Un autre irritant, relevé dans l’étude de l’ACFAS, tient au fait que plusieurs chercheurs croient que la structure inhérente à certains programmes susciterait des collaborations artificielles. En effet, la plupart des nouveaux programmes d’aide à la recherche favorisent les grandes équipes multidisciplinaires au détriment du chercheur individuel, constate Michel Bouvier. «Ces équipes ont-elles vraiment des intérêts communs? Par expérience, je dirais qu’il s’agit généralement de vrais regroupements. On n’a d’ailleurs pas le choix: la multidisciplinarité, c’est l’avenir de la recherche. Il ne faudrait toutefois pas tuer le génie et l’innovation des individus dans le processus», déclare-t-il.

Mentorat

Selon M. Bouvier, plusieurs raisons expliquent le succès étincelant du Département de biochimie auprès des grands organismes subventionnaires. «D’une part, il faut admettre que la discipline est en pleine effervescence. D’autre part, la qualité des programmes de recherche de nos professeurs a contribué à propulser le Département sur la scène internationale. Leur capacité de se regrouper tant à l’interne qu’à l’externe joue également en notre faveur», soutient le directeur du Département.

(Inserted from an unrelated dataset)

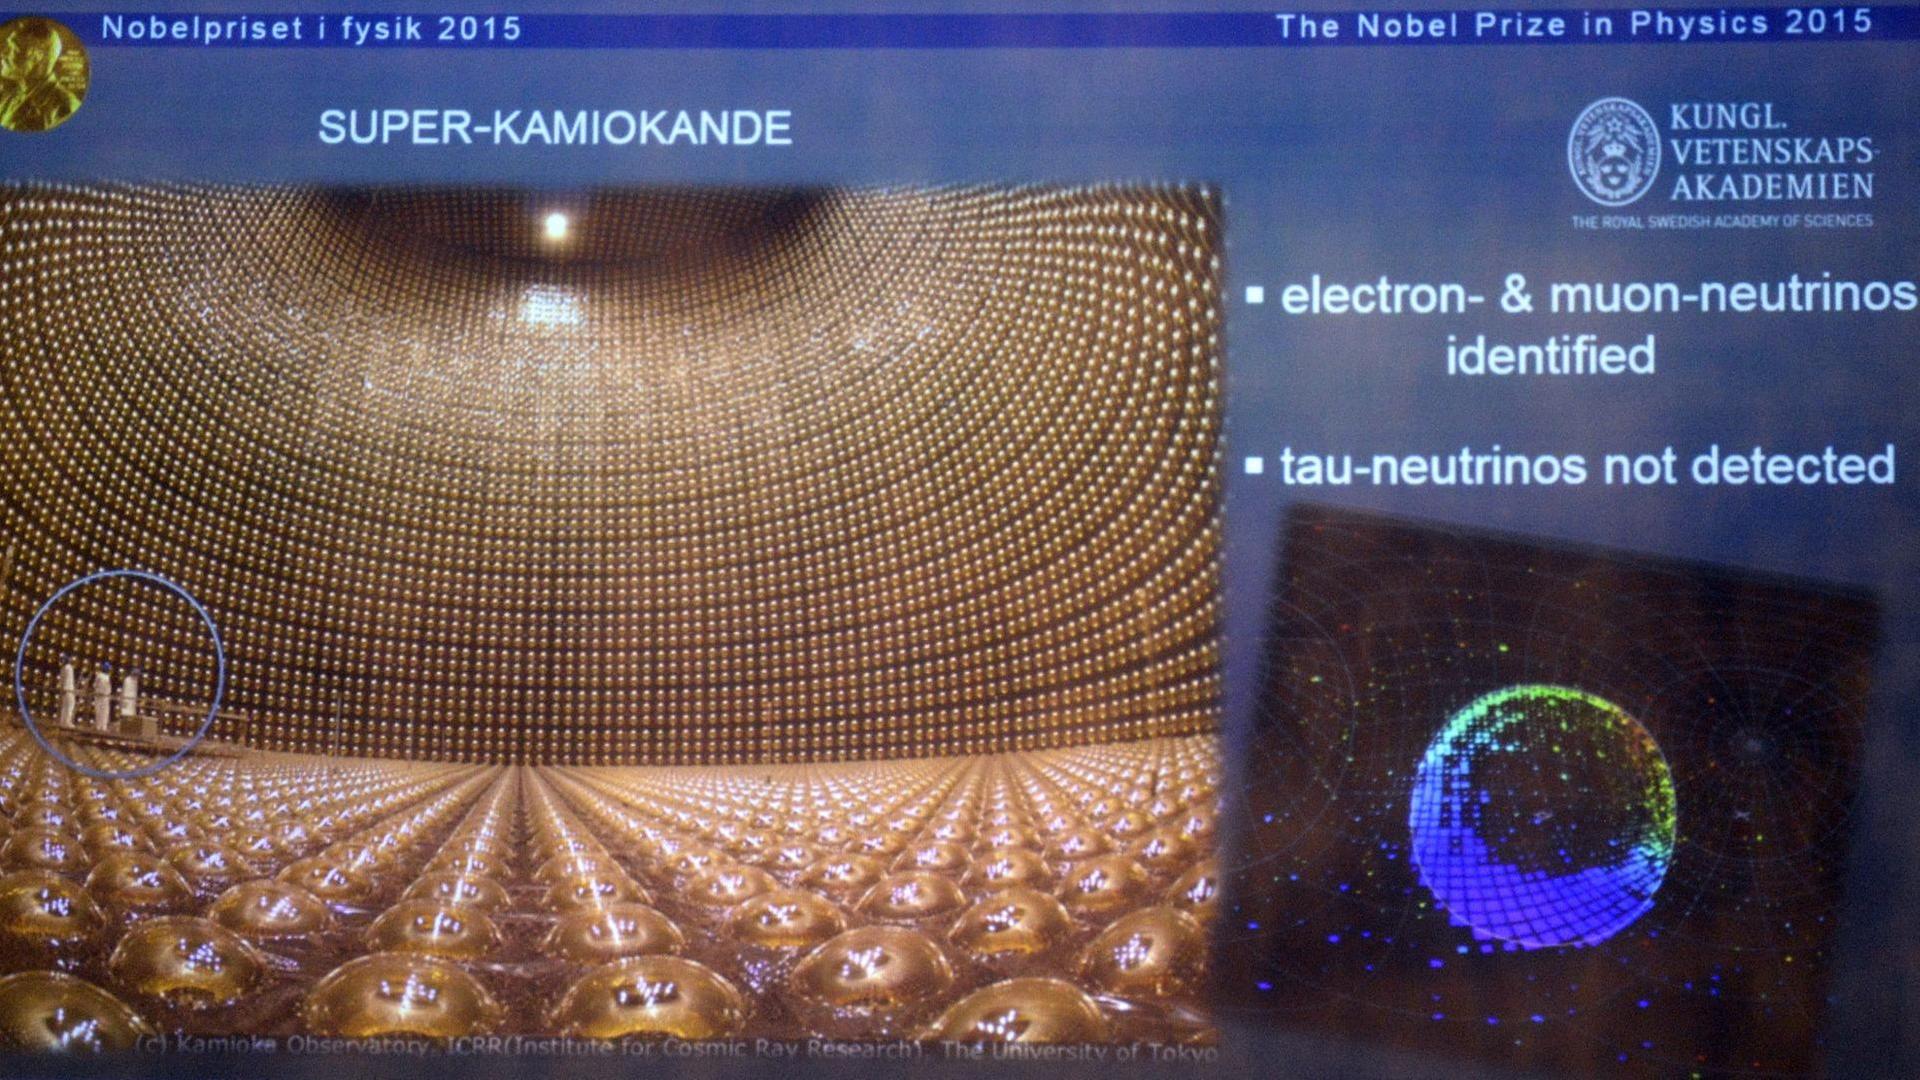 Ein Bild des Detektors Superkamiokande und eine Illustration, die das Forschungsgebiet von Nobelpreisträger Takaaki Kajita beschreibt.

Une autre stratégie mise en place par M. Bouvier et ses collègues semble aussi porter ses  fruits. Ils ont élaboré un système de mentorat à l’intention des jeunes chercheurs de manière à les aider dans leurs démarches de financement et à les orienter vers les programmes appropriés. «Devant la complexité des demandes, il nous a fallu trouver des solutions pour demeurer compétitifs, explique le spécialiste en pharmacologie moléculaire. Le soutien aux nouveaux chercheurs n’allège pas le travail que représente la préparation des demandes de subvention, au contraire, mais c’est pour une bonne cause.»